Design: 67 OSA patients who underwent multilevel robotic surgery and 67 OSA patients treated with CPAP were enrolled in a Group 1 and Group 2 respectively. The Glasgow Benefit Inventory (GBI) questionnaire has been administrated to all patients to evaluate the changes in the QoL after the different OSA treatment. Respiratory outcomes pre and post treatment were evaluated and compared.
Results: Group 1 showed a GBI total average value of +30.4, whereas the group 2 a value of +33.2 . No statistical difference emerged (p=0.4). General benefit score showed no difference between groups (p = 0.1). Better values of social status benefit (p= 0.0006) emerged in CPAP Group, whereas greater physical status benefit (p=0.04) was showed in TORS Group. Delta-AHI (-23.7 ± 14.3 vs -31.7 ± 15.6; p = 0.001), Delta-ODI (-24.5 ± 9.5 vs. -29.4 ±10.5; p = 0.001) showed better values in CPAP group. Therapeutic success rate of Multilevel TORS Group was 73.1% and 91% in CPAP group (p = 0.01) respectively.
Conclusion : Multilevel TORS and CPAP have a positive effect in quality of life of OSA patients. Greater social support has been reported in CPAP group and better physical health status in TORS group.
Keywords: Robotic surgery, CPAP, OSAS, Quality-of-Life, sleep-questionnaire
KEYPOINTS
  1. Obstructive Sleep Apnea is characterized to a lower quality of life
  2. Multilevel Robotic surgery and CPAP treatment improve quality of life in OSA patients
  3. CPAP and TORS seems to be equally effective in terms of general quality of life improvement
  4. Greater social support is needed in patients treated with CPAP
  5. Better physical health status has been demonstrated in patients underwent multilevel TORS
INTRODUCTION
Obstructive Sleep Apnea (OSA) syndrome is a respiratory sleep disorder characterized by a reduction (hypopnea) or complete cessation (apnea) of airflow in the upper airways during night, in the presence of breathing effort (1–3).

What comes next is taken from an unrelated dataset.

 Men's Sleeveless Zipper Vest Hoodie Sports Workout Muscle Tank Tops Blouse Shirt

The available literature suggests that OSA, in untreated adults, is associated with a poor health-related quality of life (HRQoL), probably due to symptoms and complications related to this disease.(4,5)
Continuous Positive Air Pressure (CPAP) is considered the gold standard treatment for severe OSA and has been shown to be effective in reducing the apnea-hypopnea index (AHI), improving sleep quality [3] and decreasing cardiovascular comorbidities. (6). Besides, it has been proven that CPAP treatment, by restoring the sleep quality and OSA symptoms, is directly correlated to an improvement in the quality of life (QoL) of these patients.

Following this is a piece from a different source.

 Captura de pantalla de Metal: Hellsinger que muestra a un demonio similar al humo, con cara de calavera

Over the years different types of surgeries of the velo-pharyngeal region and/or on the tongue base, as an alternative to the ventilatory therapy, have been proposed. Trans- Oral- Robotic- Surgery (TORS) allows, in selected cases of OSA patients, the muscular and lymphatic resection of the tongue base, increasing the respiratory space and stabilizing the collapse of this anatomical region. In the last years, many papers have confirmed the efficacy of TORS, performing it as a single level surgery or as part of multilevel surgery (7–11).

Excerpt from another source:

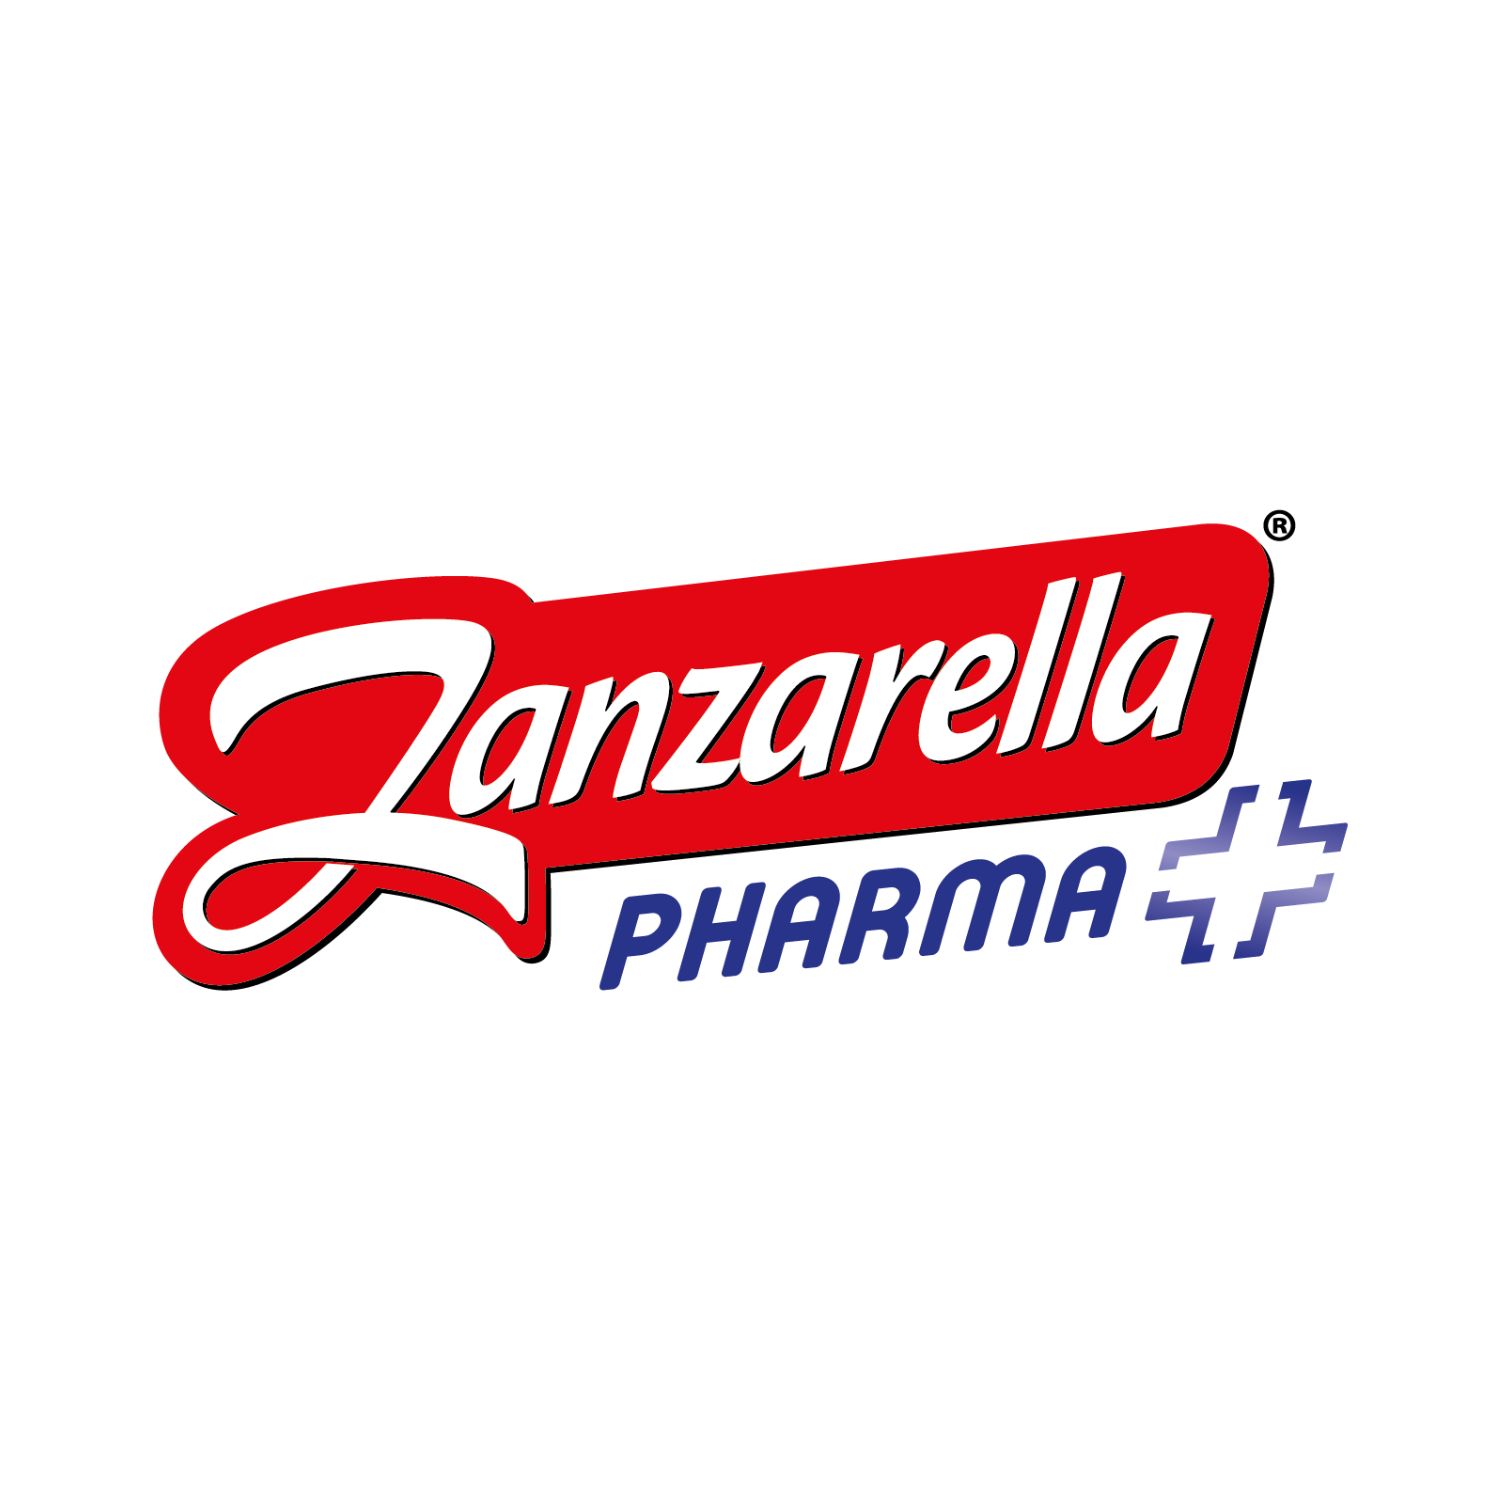 Zanzarella Pharma

Surgical treatment in OSAS patients has some important benefits (12–14). These include the possible resolution of the apneas/hypopneas, which allows patients to avoid the use of devices during the night. Besides, most side effects of CPAP therapy (pressure effect of the mask, poor compliance, etc.), could be avoided with surgery.
How is the post-operative quality of life of patients surgically treated with TORS? Could there be differences between CPAP and multilevel surgery in the post-operative quality of life of OSA patients?
To our knowledge, no studies in literature have evaluated patient’s quality of life after surgical treatment for OSA with a multilevel surgery including TORS. Besides, no studies have compared changes in patient’s quality of life of surgical and non-surgical OSA treatments.
The aim of this study has been to analyze effects on QoL of the multilevel surgery for OSA. Also, we have compared the impact on QoL of two different treatments for patients with moderate to severe OSA such as CPAP and TORS.